Domain expertise is needed
If you were curious enough to follow the links, I’m pretty sure your understanding of the maps above will vary greatly if you’re a certified pilot or if you’ve ever had to interpret contour lines while hiking a mountain. The people/organization defining a canonical model need to understand the business or some other type of context in which the model will be used. Which means that…
Even if it is broad, some notion of what the domain is needs to be explicitly defined
I’ve tried to imagine a canonical model that is so broad that it can serve any imaginable domain in which its described entities participate. I couldn’t. If you must create a representation of reality that lives in some abstract data structure, you must make choices on what is relevant and what isn’t. And you won’t be able to tell what is relevant and what isn’t unless you know the context (i.e. domain) in which that model will be used.
The broader the domain, the more complex the model
And the more complex the model is, the harder it will be to adopt by non-technical consumers (which is where we started this discussion). Also, complex models need more maintenance over time as the real world changes. Your company’s strategy might change, its business might diversify, etc.

Does SAP have a Canonical Model for its solutions?

Not that I know of.

You may have heard about the OneDomain model (ODM) that SAP has created as part of its Intelligent Enterprise program to facilitate integration across functional components. This model does not promise to represent everything and anything needed by the different solutions within the Intelligent Enterprise suite (and that’s a good thing).

The ODM is instead meant to facilitate integration within these components and can be thought of as a “least common denominator” definition of entities relevant across functional domains. It also simplifies the underlying (domain-specific) structure with the intention of facilitating extensibility (minimizing dependencies, taking only what’s necessary, etc.)

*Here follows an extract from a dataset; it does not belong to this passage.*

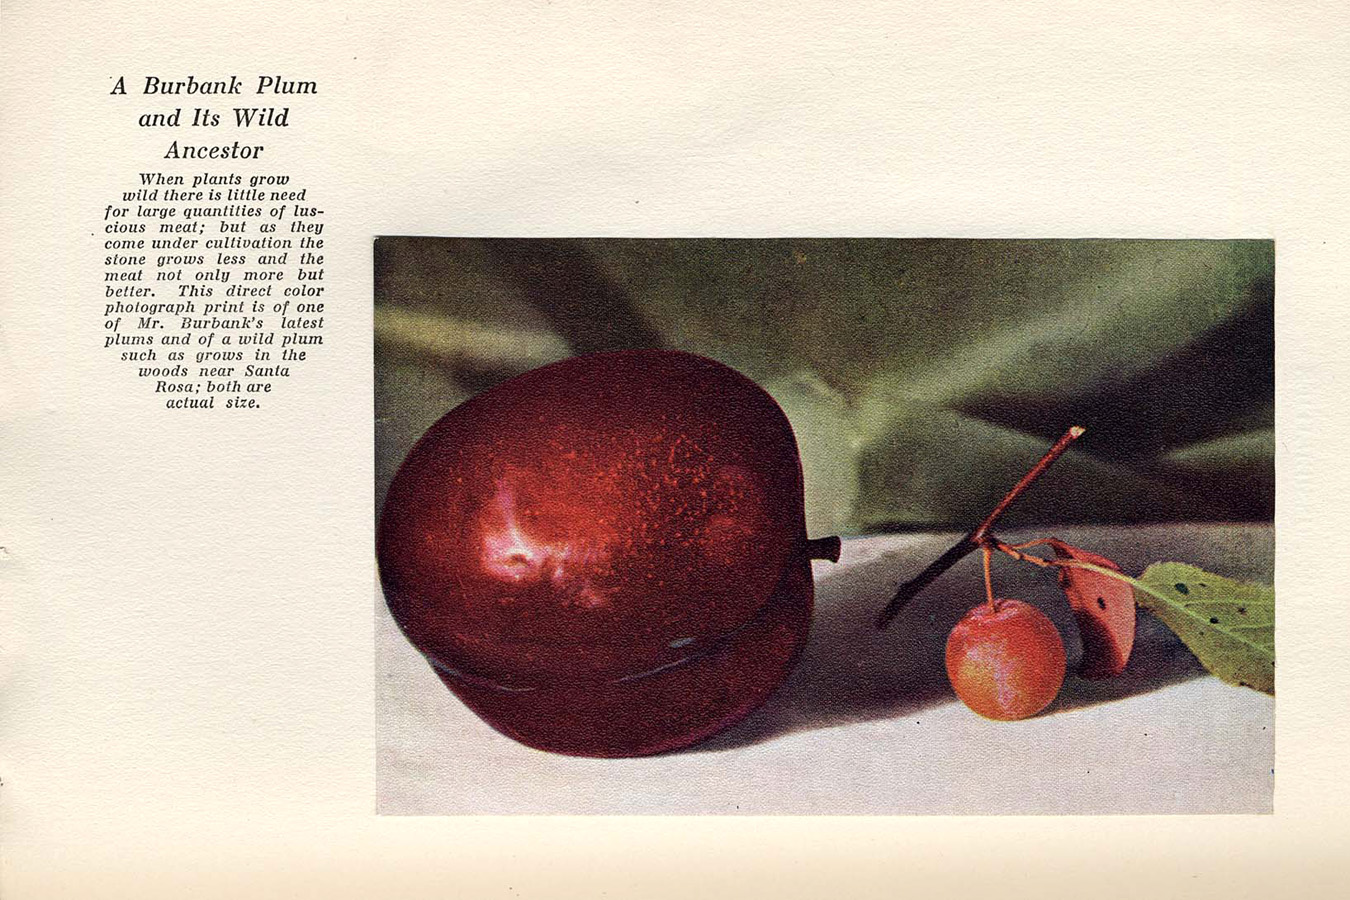 burbank plum shown next to a much smaller wild plum

How else can SAP solutions help me provide a semantic layer?

Beyond canonical models, there’s a couple of things you can count on from SAP’s strategy:

End to end analytics for end to end processes
The ODM, as other technical guidelines under the Intelligent Suite program, is meant to support end-to-end processes across SAP applications (or other modular components). And end-to-end processes produce end-to-end insights that will be relevant for every functional area involved. The ODM will only have what’s relevant to all business domains, and anything that’s domain specific will be in that domain’s application, but we will continue to invest in providing business context to reconcile these different perspectives across end-to-end processes.
A flexible semantic layer
One of the reasons Data Marts exist, is because there are many challenges that come from either comingling different domains on a single entity (like “customer”) or restricting that entity to be the “least common denominator” across domains. But Data Marts and other “physical” data structures historically cause fragmentation or unneeded replication of data, which are to be avoided. The concept of Data Warehouse Cloud spaces allows somewhat independent models to coexist with curated enterprise-wide data and should be seriously considered.

Start with the end (user) in mind

Finally, just like anything else in the software world, it pays to consider the ultimate business user as we build abstract concepts and structures to coalesce a diverse collection of information. There’s always a reason for which analyzing business data is a worthwhile activity and our models (canonical or otherwise) will only be better if that reason is at the top of our minds as we make architectural decisions and tradeoffs.

I welcome any comments challenging my perspective. Have you been involved in an implementation of a successful data strategy based on a holistic canonical model that has stood the test of time? I’d love to hear from you.

[1] To be clear: I’m referring to the use of canonical models to expose enterprise-wide data for broad analytics purposes. The success of canonical models as an integration pattern is a different discussion.